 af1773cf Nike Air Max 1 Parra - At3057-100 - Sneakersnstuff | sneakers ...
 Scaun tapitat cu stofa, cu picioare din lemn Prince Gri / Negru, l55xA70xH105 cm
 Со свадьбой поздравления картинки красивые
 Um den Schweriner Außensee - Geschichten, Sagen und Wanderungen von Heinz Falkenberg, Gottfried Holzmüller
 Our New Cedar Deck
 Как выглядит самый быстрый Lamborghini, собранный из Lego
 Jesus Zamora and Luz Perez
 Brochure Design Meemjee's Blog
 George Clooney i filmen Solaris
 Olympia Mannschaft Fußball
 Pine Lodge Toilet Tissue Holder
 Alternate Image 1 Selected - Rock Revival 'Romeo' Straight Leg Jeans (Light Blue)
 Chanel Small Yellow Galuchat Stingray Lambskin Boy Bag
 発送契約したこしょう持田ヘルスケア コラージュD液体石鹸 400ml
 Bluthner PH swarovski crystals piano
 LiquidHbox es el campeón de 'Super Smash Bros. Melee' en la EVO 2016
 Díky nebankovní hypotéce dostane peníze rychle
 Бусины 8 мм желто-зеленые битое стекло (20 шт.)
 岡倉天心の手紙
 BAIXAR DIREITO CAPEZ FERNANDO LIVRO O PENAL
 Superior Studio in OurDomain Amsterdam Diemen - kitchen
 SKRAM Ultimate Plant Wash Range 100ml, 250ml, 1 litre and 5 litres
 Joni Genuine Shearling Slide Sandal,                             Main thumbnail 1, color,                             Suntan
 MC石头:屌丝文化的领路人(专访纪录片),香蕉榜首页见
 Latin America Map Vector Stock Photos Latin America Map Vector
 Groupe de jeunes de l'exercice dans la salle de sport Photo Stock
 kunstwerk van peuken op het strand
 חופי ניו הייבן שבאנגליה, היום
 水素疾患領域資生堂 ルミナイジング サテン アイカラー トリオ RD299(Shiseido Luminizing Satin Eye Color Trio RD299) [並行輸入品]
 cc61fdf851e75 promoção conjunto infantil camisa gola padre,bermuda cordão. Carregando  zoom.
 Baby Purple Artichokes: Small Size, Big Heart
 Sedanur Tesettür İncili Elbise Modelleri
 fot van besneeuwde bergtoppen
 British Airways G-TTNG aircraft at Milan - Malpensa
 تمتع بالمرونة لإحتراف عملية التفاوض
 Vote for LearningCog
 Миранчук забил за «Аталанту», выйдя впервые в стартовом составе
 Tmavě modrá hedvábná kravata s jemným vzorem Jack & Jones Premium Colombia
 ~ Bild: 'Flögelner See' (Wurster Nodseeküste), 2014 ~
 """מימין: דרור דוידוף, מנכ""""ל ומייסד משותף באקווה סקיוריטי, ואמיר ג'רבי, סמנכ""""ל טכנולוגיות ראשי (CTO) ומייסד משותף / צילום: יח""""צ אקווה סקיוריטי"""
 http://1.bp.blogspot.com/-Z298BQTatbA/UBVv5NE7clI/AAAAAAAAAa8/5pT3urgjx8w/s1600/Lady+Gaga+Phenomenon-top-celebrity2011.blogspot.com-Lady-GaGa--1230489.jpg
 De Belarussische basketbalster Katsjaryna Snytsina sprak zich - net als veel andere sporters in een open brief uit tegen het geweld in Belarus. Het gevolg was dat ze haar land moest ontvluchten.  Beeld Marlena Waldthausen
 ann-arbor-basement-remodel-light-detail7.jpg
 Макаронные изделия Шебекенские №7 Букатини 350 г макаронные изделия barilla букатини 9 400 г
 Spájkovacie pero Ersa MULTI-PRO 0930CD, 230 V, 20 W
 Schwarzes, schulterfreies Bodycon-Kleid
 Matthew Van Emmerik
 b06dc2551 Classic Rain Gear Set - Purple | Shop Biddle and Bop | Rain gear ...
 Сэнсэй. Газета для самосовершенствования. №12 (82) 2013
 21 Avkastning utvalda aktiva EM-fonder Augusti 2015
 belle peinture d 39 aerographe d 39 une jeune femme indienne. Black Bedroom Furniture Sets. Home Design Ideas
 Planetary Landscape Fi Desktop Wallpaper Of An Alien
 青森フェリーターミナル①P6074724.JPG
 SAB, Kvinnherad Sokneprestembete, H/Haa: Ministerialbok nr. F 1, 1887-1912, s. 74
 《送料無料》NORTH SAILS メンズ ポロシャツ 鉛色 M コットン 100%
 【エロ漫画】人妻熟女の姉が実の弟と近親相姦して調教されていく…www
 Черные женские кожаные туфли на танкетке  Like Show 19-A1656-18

**Required work:**
Write out exactly the lines from the one containing "تمتع بالمرونة لإحتراف عملية التفاوض" through the end of the data, both included. Add nothing else.

**Finished exercise:**
 تمتع بالمرونة لإحتراف عملية التفاوض
 Vote for LearningCog
 Миранчук забил за «Аталанту», выйдя впервые в стартовом составе
 Tmavě modrá hedvábná kravata s jemným vzorem Jack & Jones Premium Colombia
 ~ Bild: 'Flögelner See' (Wurster Nodseeküste), 2014 ~
 """מימין: דרור דוידוף, מנכ""""ל ומייסד משותף באקווה סקיוריטי, ואמיר ג'רבי, סמנכ""""ל טכנולוגיות ראשי (CTO) ומייסד משותף / צילום: יח""""צ אקווה סקיוריטי"""
 http://1.bp.blogspot.com/-Z298BQTatbA/UBVv5NE7clI/AAAAAAAAAa8/5pT3urgjx8w/s1600/Lady+Gaga+Phenomenon-top-celebrity2011.blogspot.com-Lady-GaGa--1230489.jpg
 De Belarussische basketbalster Katsjaryna Snytsina sprak zich - net als veel andere sporters in een open brief uit tegen het geweld in Belarus. Het gevolg was dat ze haar land moest ontvluchten.  Beeld Marlena Waldthausen
 ann-arbor-basement-remodel-light-detail7.jpg
 Макаронные изделия Шебекенские №7 Букатини 350 г макаронные изделия barilla букатини 9 400 г
 Spájkovacie pero Ersa MULTI-PRO 0930CD, 230 V, 20 W
 Schwarzes, schulterfreies Bodycon-Kleid
 Matthew Van Emmerik
 b06dc2551 Classic Rain Gear Set - Purple | Shop Biddle and Bop | Rain gear ...
 Сэнсэй. Газета для самосовершенствования. №12 (82) 2013
 21 Avkastning utvalda aktiva EM-fonder Augusti 2015
 belle peinture d 39 aerographe d 39 une jeune femme indienne. Black Bedroom Furniture Sets. Home Design Ideas
 Planetary Landscape Fi Desktop Wallpaper Of An Alien
 青森フェリーターミナル①P6074724.JPG
 SAB, Kvinnherad Sokneprestembete, H/Haa: Ministerialbok nr. F 1, 1887-1912, s. 74
 《送料無料》NORTH SAILS メンズ ポロシャツ 鉛色 M コットン 100%
 【エロ漫画】人妻熟女の姉が実の弟と近親相姦して調教されていく…www
 Черные женские кожаные туфли на танкетке  Like Show 19-A1656-18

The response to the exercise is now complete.